In the Native State is a radio play by Tom Stoppard. First broadcast by the BBC in 1991 it was later adapted by Stoppard into the stage play Indian Ink.

The production was first broadcast on BBC Radio Three on 20 April 1991. It was directed by John Tydeman and starred Felicity Kendal and Peggy Ashcroft. It was Dame Peggy's last dramatic performance and Saeed Jaffrey played the role of the Rajah.

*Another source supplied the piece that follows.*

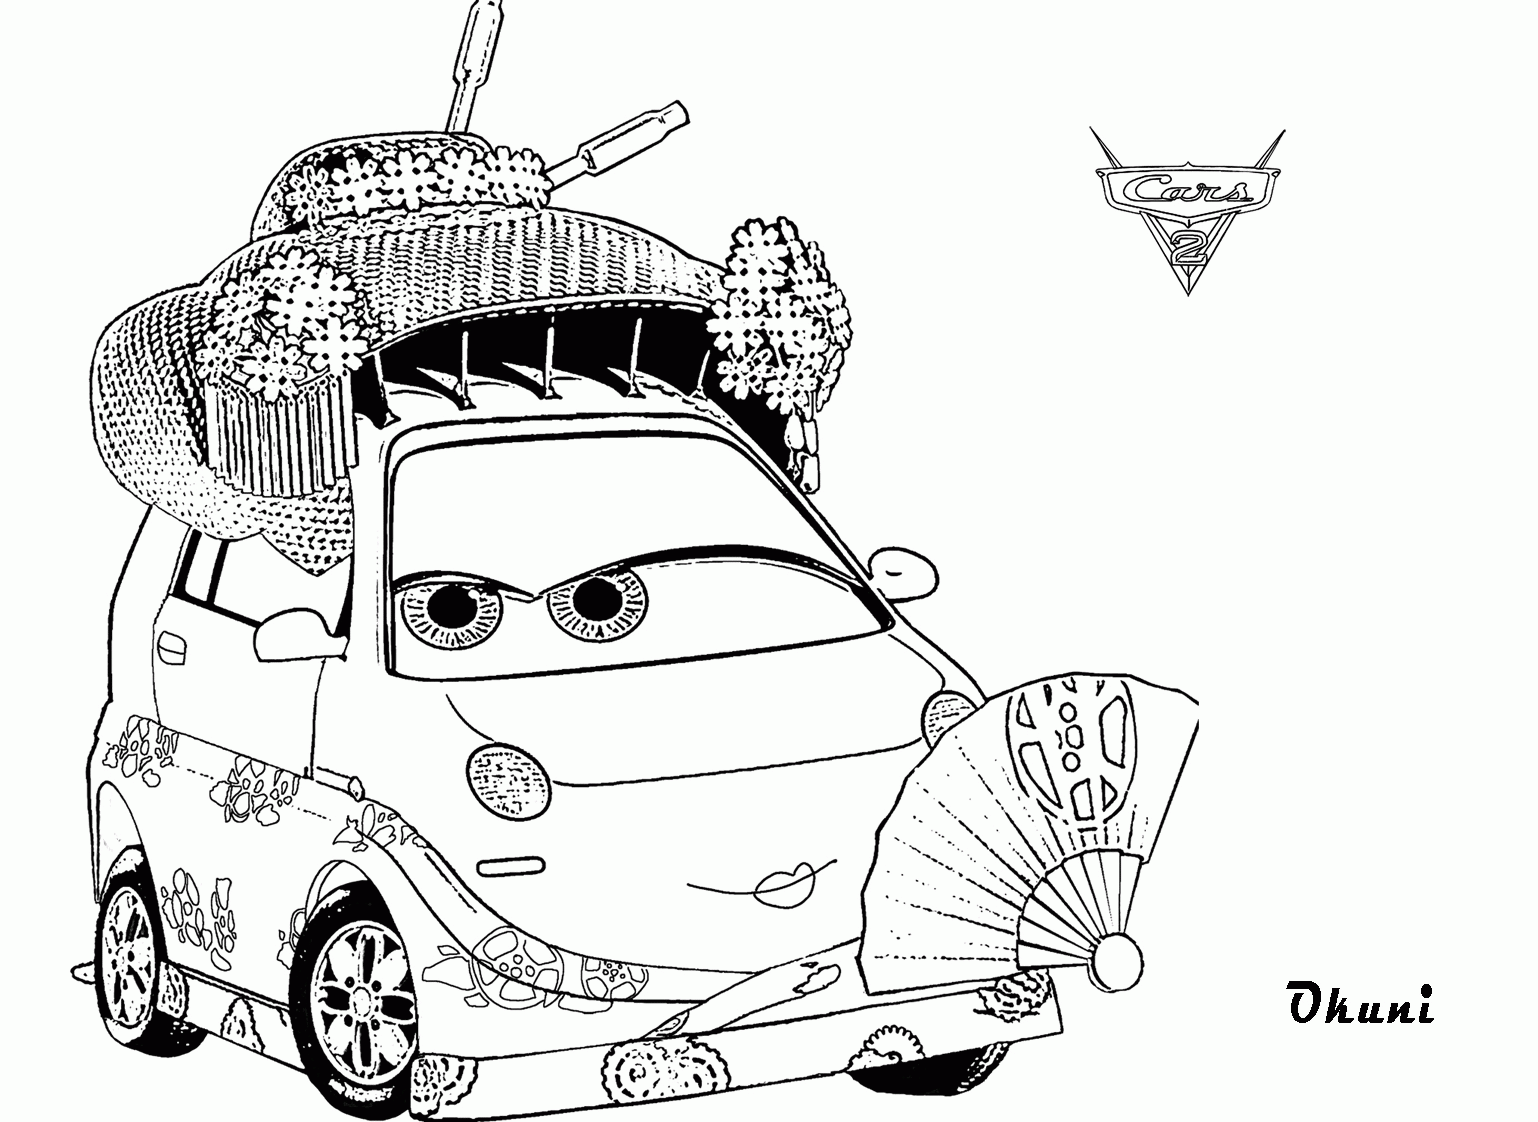 Okuni Coloring Pages For Kids Cars 2 | Cartoon Coloring pages of ...

The original production was broadcast again after the death of John Tydeman in 2020 preceded by a tribute from Tom Stoppard.

Plot
The play takes place in two timelines. In 1930 (the year of Gandhi's Salt March) Flora Crewe (Felicity Kendal), a young poet with a somewhat scandalous reputation, travels to India for her health, where she delivers a series of lectures on British literary society. She meets an Indian painter, Nirad Das, and agrees to sit for a portrait. Meanwhile in contemporary England another young Indian painter, Anish, the son of Nirad, visits Mrs Eleanor Swan (Peggy Ashcroft), the sister of Flora Crewe. Eleanor spent much of her life in India before independence, and is deeply attached to it. She and Anish clash over interpretation of Indian history and untangle the relationship of Flora and Nirad.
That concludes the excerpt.